By Jim Fink on January 18, 2013

The U.S. Government Accountability Office (GAO), a non-partisan federal agency focused on reducing wasteful government spending, has released a report entitled Ensuring Income throughout Retirement Requires Difficult Choices. The two most important choices involve:

  1. Delaying the age when you elect to start receiving Social Security payments; and
  2. Converting your cash-balance defined benefit pension into a lifetime income annuity rather than take a lump-sum payment upon retirement.

Social Security is Not Enough for Retirement

For those of you that think Social Security will meet your retirement needs, wake up! Given the massive debt overhanging the U.S. economy, the current generous benefits being paid out to retirees is not sustainable. As the GAO report states:

The cost of Social Security benefits is projected to exceed sources of funding, and the program is projected to be unable to pay a portion of scheduled benefits by 2036. In 2010, for the first time since 1983, the Social Security trust funds began paying out more in benefits than they received through payroll tax revenue.

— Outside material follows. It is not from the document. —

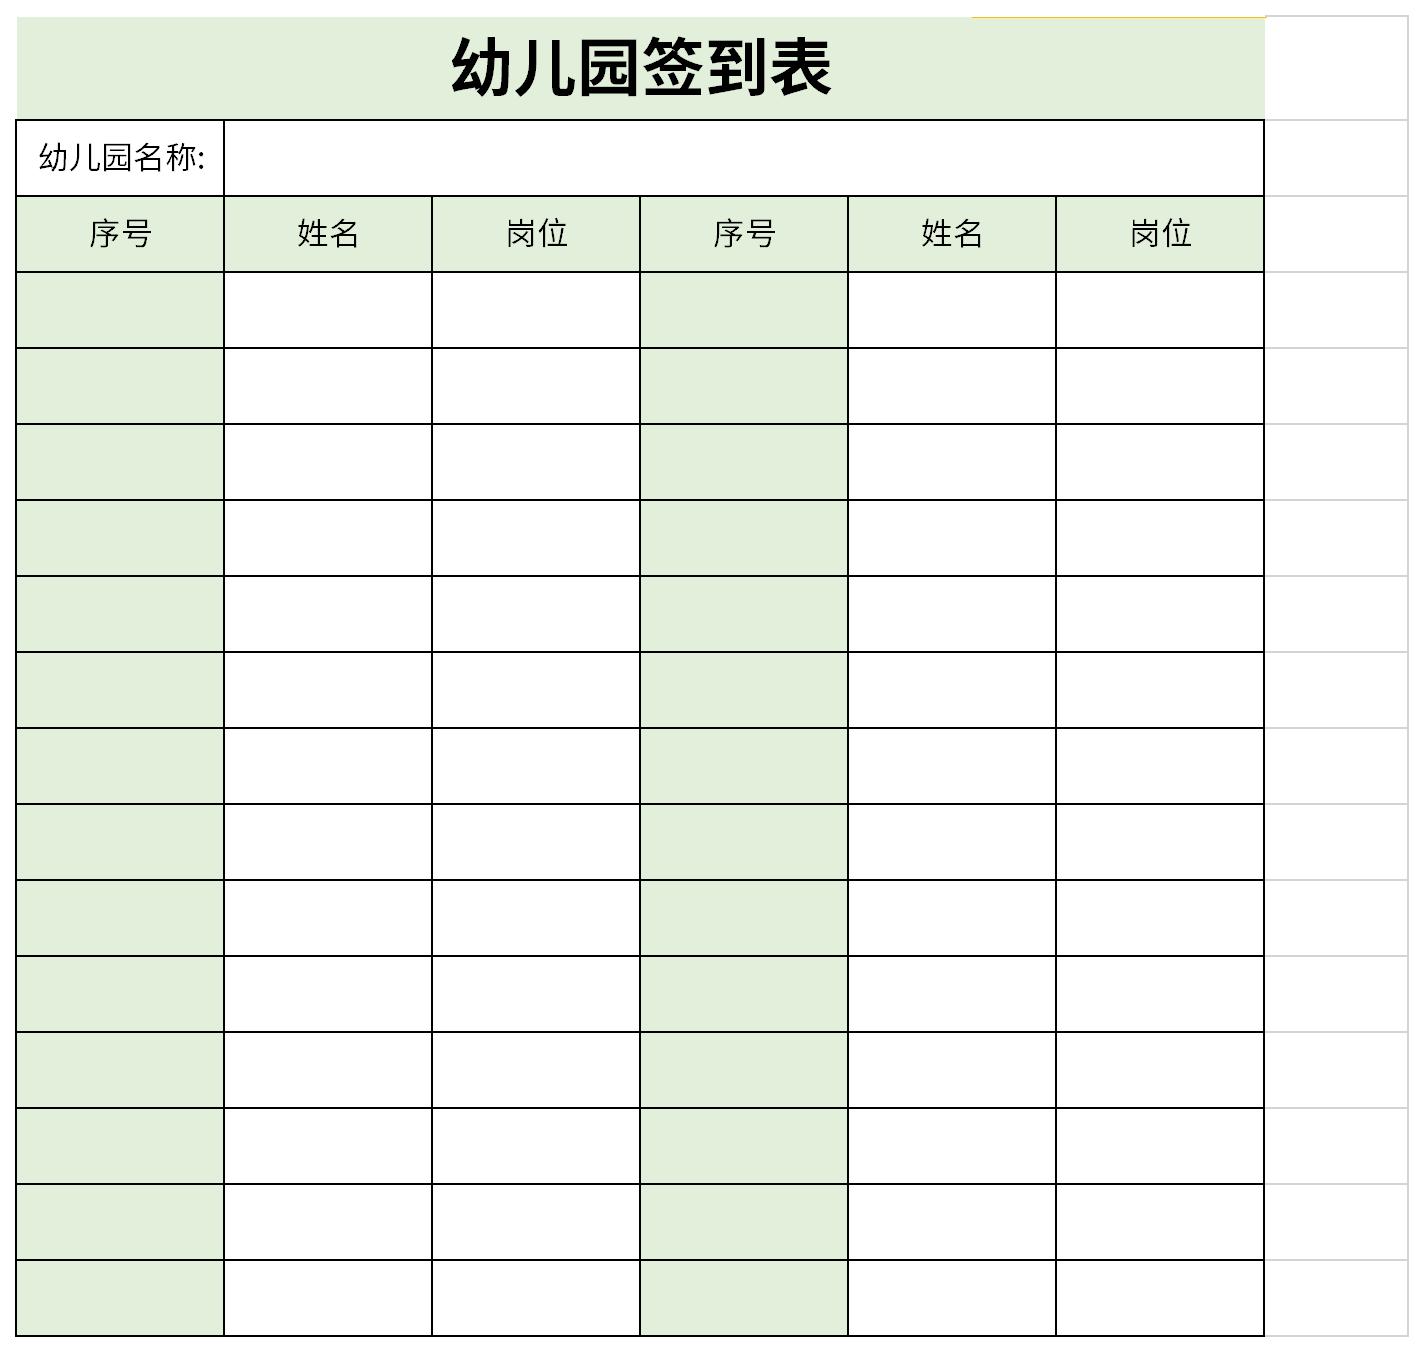 党员大会签到表表格免费下载_党员大会签到表Excel模板下载-华军软件园

Due to the long-term fiscal challenges facing Social Security, options for reform may result in lower benefits and reduced replacement rates from Social Security. As a result, reforms to the Social Security system may increase the need for retirement income from other sources such as private pensions.

Even under the current generous benefit schedule, social security cannot be relied on to fully replace a person’s pre-retirement salary. According to the GAO report, for low-wage earners (i.e., 45% of national average) social security replaces only 55.2% of pre-retirement income and for high-wage earners (i.e., 160% of national average) the replacement rate is only 33.9%. 

Do Not Elect to Receive Social Security Early

Pretty depressing, but even these replacement numbers are only valid if you delay receiving Social Security benefits until you are eligible to receive full benefits. For people born after 1960, full benefits don’t accrue until you reach the age of 67. Although you can elect to start receiving benefits at 62, you receive 25% less per month than you would if you waited until the full retirement age of 67 and 57% less than you would if you waited until age 70.

Unfortunately, our instant-gratification culture has resulted in the vast majority of retirees electing to receive Social Security benefits early, thereby significantly reducing their payments. According to the GAO report, 43.1% elect to take Social Security benefits at the first available opportunity upon reaching the age of 62. Even more astounding, 85.9% of retirees start taking benefits before they reach full retirement age!

If you don’t expect to live very long in retirement, taking early benefits makes sense, but most people are living a long time after retirement – sometimes decades. A husband and wife both aged 65 have a 47 percent chance that at least one of them will live to a 90th birthday and a 20 percent chance of living to a 95th birthday. The extra cash you get between ages 62 and 67 begins to be outweighed by the value of the full-benefit payments you would receive by waiting until 67 if you survive retirement over a 12-year or longer period.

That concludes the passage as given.